Куда он отправился? Да ведь кто ж его знат? Говоришь, ты пойдешь, найдешь его? Господи, деточка, никому уже не найти этого негра - теперь, когда столько лет прошло. Что-что? Неужто, говоришь, он не сказал ничего? Ну почему - сказал, сказал. И каждый раз, когда я это вспоминаю, у меня сердце пополам разрывается. Сказал, что ни за что не стерпит, чтобы его по лицу били. Ни от кого не стерпит! Гордый был чернокожий, нечего сказать, нашего брата немного таких наберется. И такой везучий, ровно у него целая сумка кроличьих лапок с собой. Мало было таких негров, чтобы сбежали да не попались бы. Только ведь - где же мне знать? Говорил, пойдет в Филадельфию, штат Пенсильвания, заработает много денег, вернется и выкупит и меня, и тебя на свободу. Да ведь - Господи ты Боже мой, дитятко! Что Филадельфия, что Пенсильвания - говорят, это ужас как далеко, а я даже не знаю, пошел ли он туда, нет ли.

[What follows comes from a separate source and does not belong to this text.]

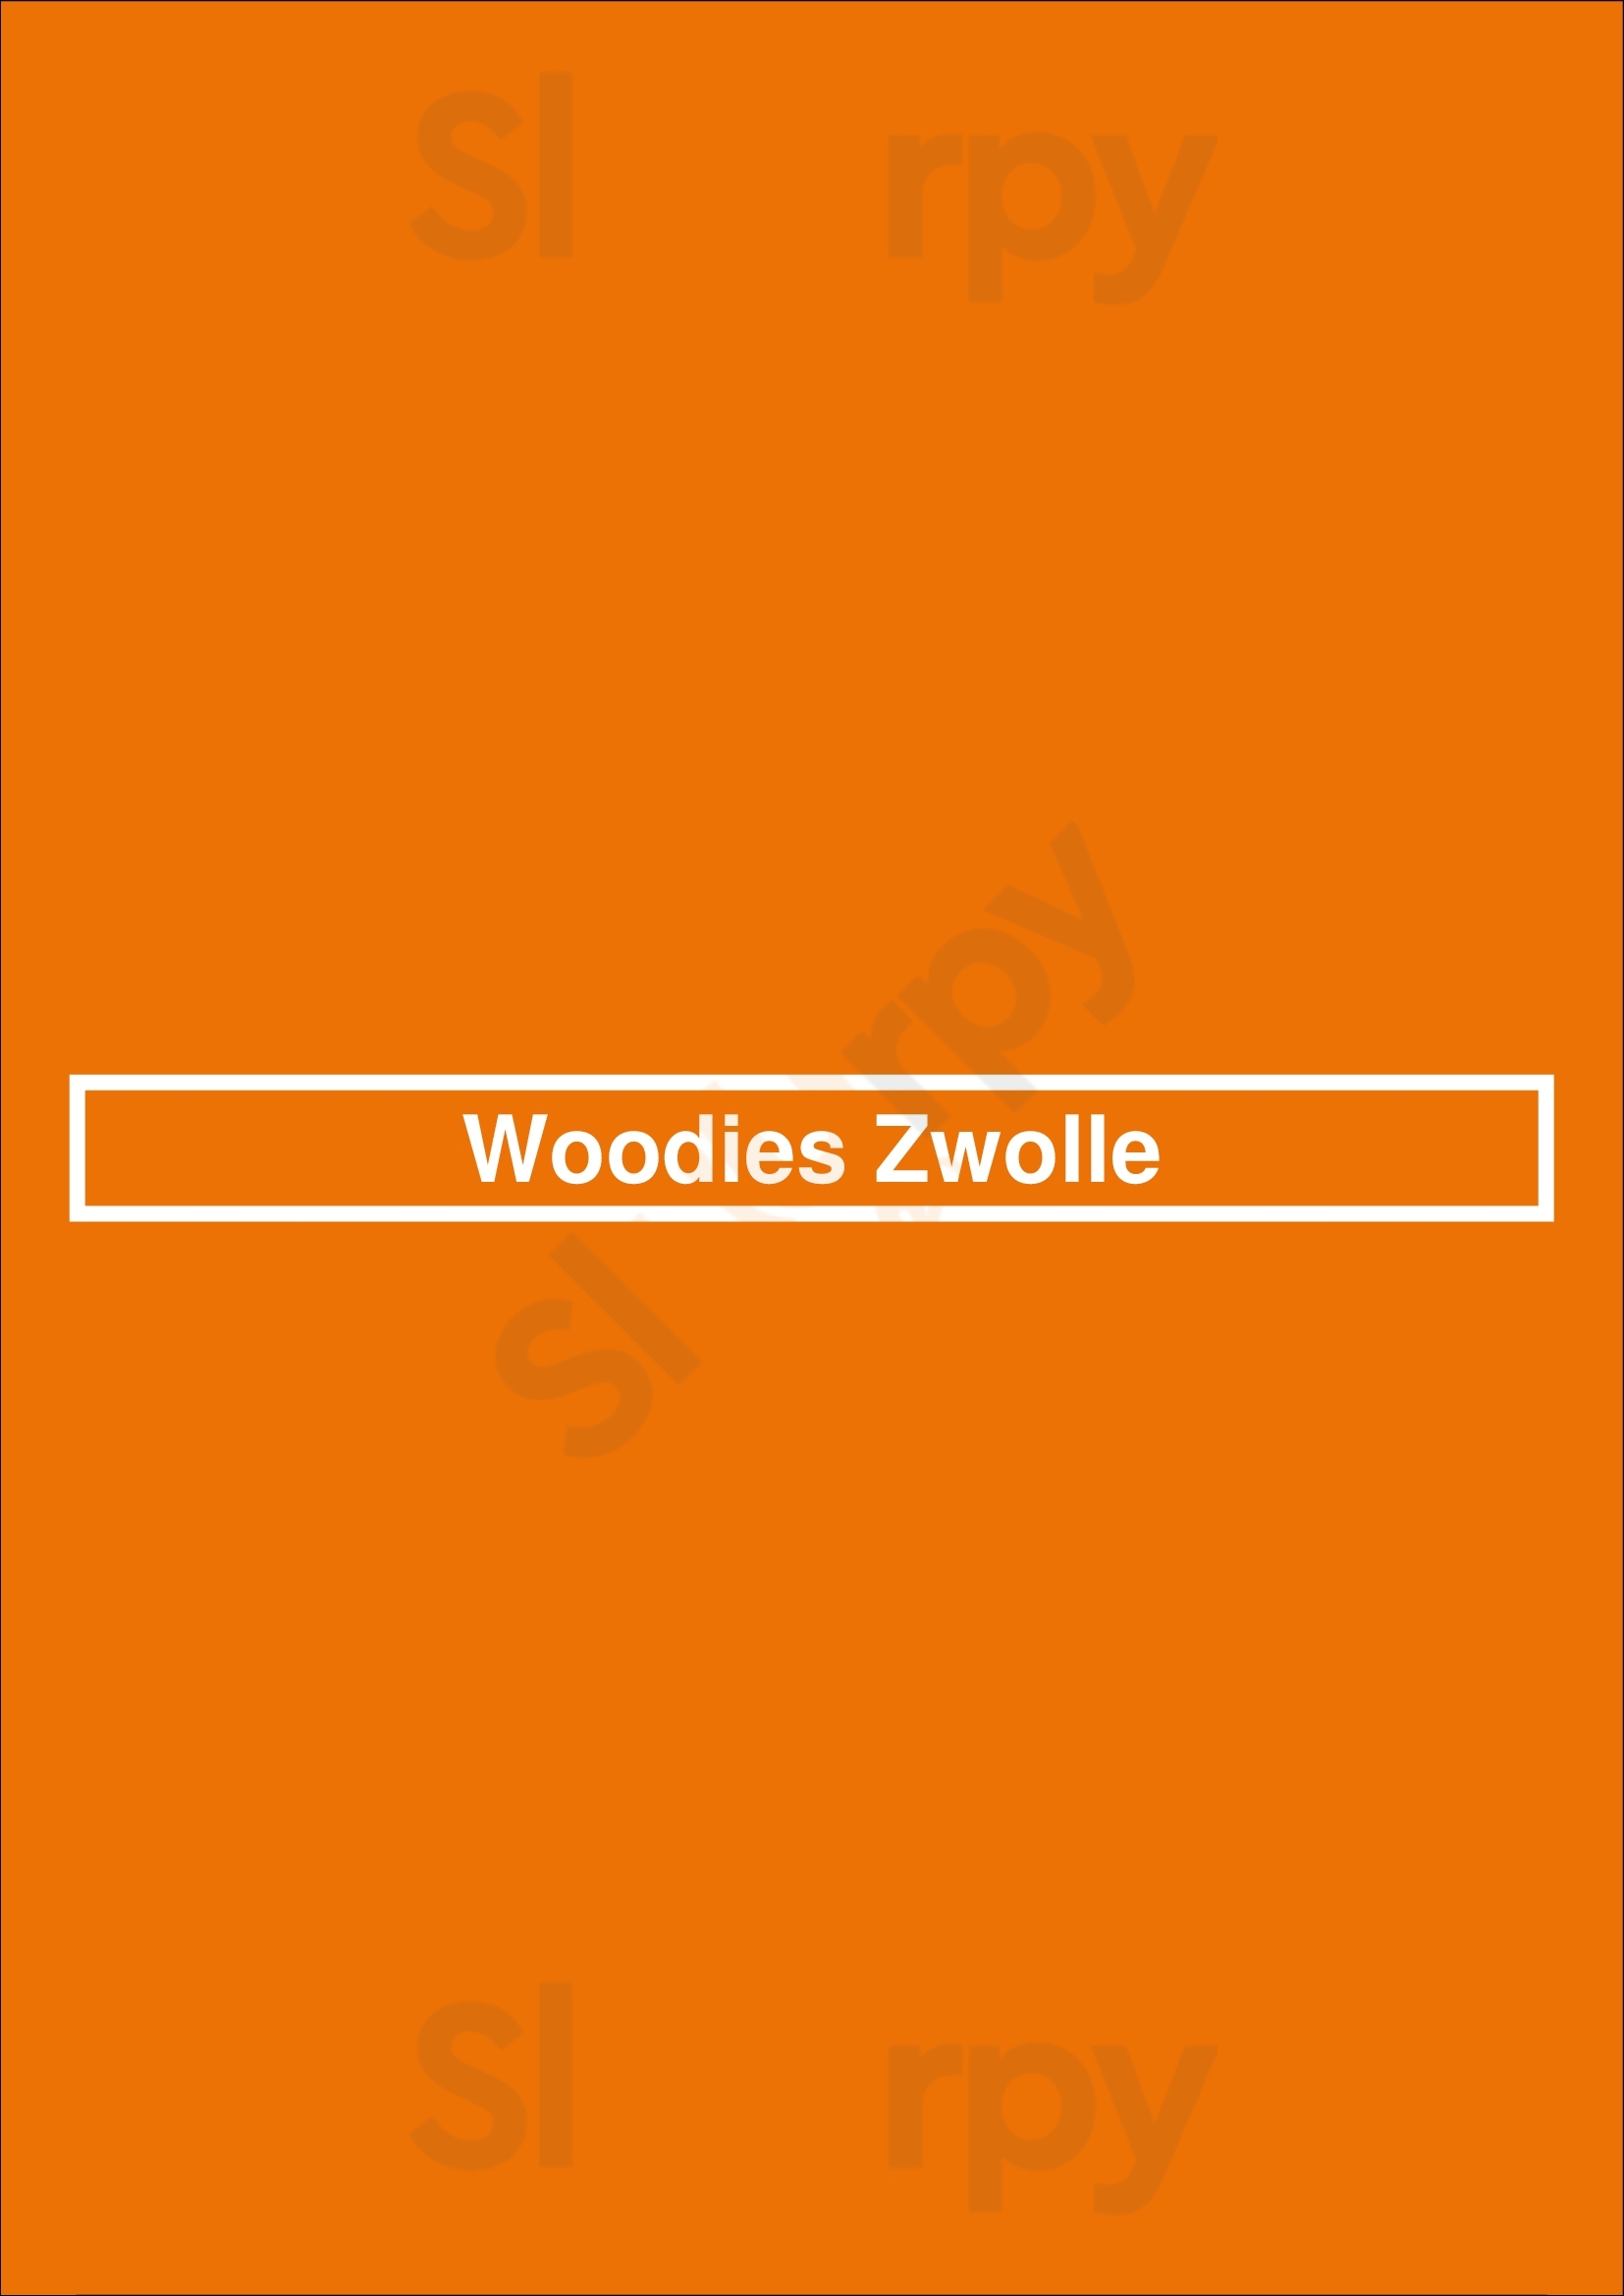 Woodies Zwolle Zwolle Menu - 1

Примерно в двух сотнях ярдов от нашей с матерью комнаты, в конце дорожки, проходящей через выпас, стоит уборная на десять дыр, предназначенная для дворни и работников лесопилки, чьи хижины находятся внутри огороженной усадьбы. Прочно сколоченная из дуба, она поставлена на крутом краю огромного, поросшего лесом оврага и разделена дощатой перегородкой надвое: пять дыр для женщин и маленьких детей, пять для мужчин. Вследствие того, что от полей и лесопилки господский дом отделен и все, что делают дворовые негры, происходит в этом замкнутом мирке, эта уборная - одно из немногих мест, где моя повседневная жизнь пересекается с жизнями тех негров, о ком я уже приучен думать как о людях низшего разряда - отребье, сброд, хамье неотесанное, почти дикари. Потому что даже сейчас, мальчишкой, я уже презираю и чураюсь их, брезгаю этой черной шушерой, обитающей за пределами ближнего окружения господского дома - этим безликим и безымянным быдлом, которое на рассвете исчезает во чреве лесопилки или в полях за лесом, а на закате возвращается вереницей теней в свои хижины, как куры на обрыдлый, но привычный насест. В основном такое к ним отношение я перенял от матери. Ей казалось кошмаром, что при всем удобстве ее сравнительно благополучной жизни она должна регулярно навещать пресловутый край оврага, где приходится якшаться с этими горластыми, со сбродом, который настолько ниже ее.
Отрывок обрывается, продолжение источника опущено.